Es extraño recordar a quien conoces de toda la vida. No es como volver a la casa en que creciste y darte cuenta de que ha dejado su forma impresa en ti, de que las paredes que has levantado y las puertas que has abierto desde tu partida siguen el diseño que viste por primera vez aquí. Es, más bien, como regresar a casa y ver a tu madre o hermana, que tienen edad suficiente para no haber crecido desde que te fuiste pero no tanta como para no haber envejecido, y darte cuenta por primera vez del aspecto que tienen para el resto del mundo, de lo bellas que te parecerían si no las conocieras de antemano; darte cuenta, en fin, de lo que vieron tu padre y tu cuñado cuando más las juzgaron pero menos las conocieron.
– ¿Honestamente? -Dice Gil-. No lo he decidido. No estoy seguro de que mi padre sea la persona adecuada para dar consejos. El Saab fue idea suya, y fue un gran error. Estaba pensando en lo que le hubiera gustado tener a mi edad. Me habla como si yo fuera otra persona.
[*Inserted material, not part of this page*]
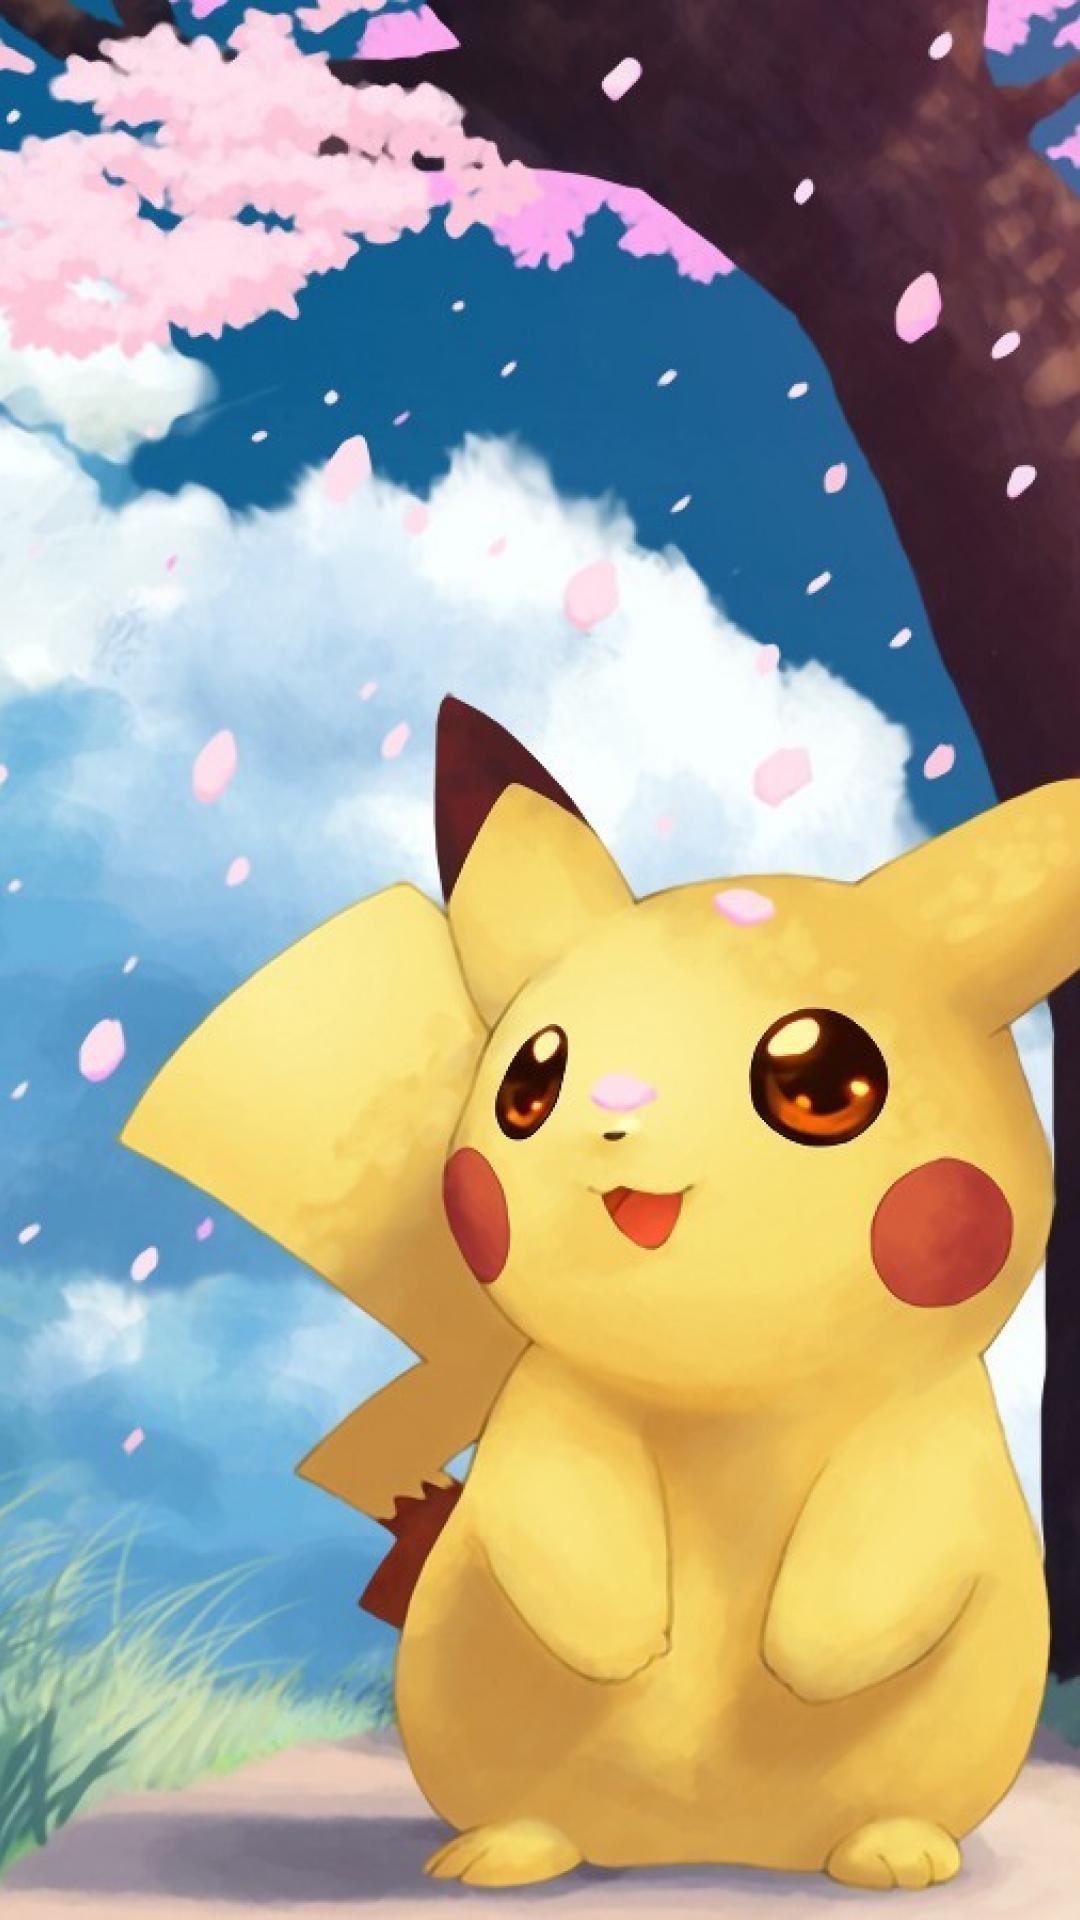 Adorable Pokemon wallpapers and gifs

Gil tenía razón. Ya no es el estudiante de primero que pone a volar un par de pantalones en Nassau Hall. Se ha vuelto más cuidadoso, más circunspecto. Viéndolo, uno lo tomaría por alguien experimentado y retraído. La autoridad natural que hay en su manera de hablar y en su lenguaje corporal es ahora más pronunciada: es una cualidad que el Ivy ha sabido cultivar. Lleva ropa un tono más oscuro, y su pelo, que siempre ha llevado lo bastante largo como para llamar la atención, ahora nunca está despeinado. Ha engordado un poco, lo cual lo vuelve guapo de una manera distinta, un poco más seria, y las pequeñas afectaciones que trajo de Exeter -el anillo que llevaba en el dedo meñique, el pendiente en la oreja- han desaparecido calladamente.
– Supongo que esperaré hasta último minuto. Lo decidiré durante la graduación: algo espontáneo, algo inesperado. Tal vez dedicarme a la arquitectura. Tal vez volver a navegar.
Y aquí está, cambiándose de ropa, quitándose los pantalones de lana delante de mí sin darse cuenta del perfecto desconocido que soy: su nueva versión todavía no me ha conocido. Me doy cuenta de que tal vez soy un extraño para mí mismo, de que nunca he podido ver a la persona que Katie estuvo esperando ayer durante toda la noche: el último modelo, el yo más actualizado. En todo esto hay un acertijo, una paradoja. Ranas y pozos y el curioso caso de Tom Sullivan, que se miraba al espejo y podía ver el pasado.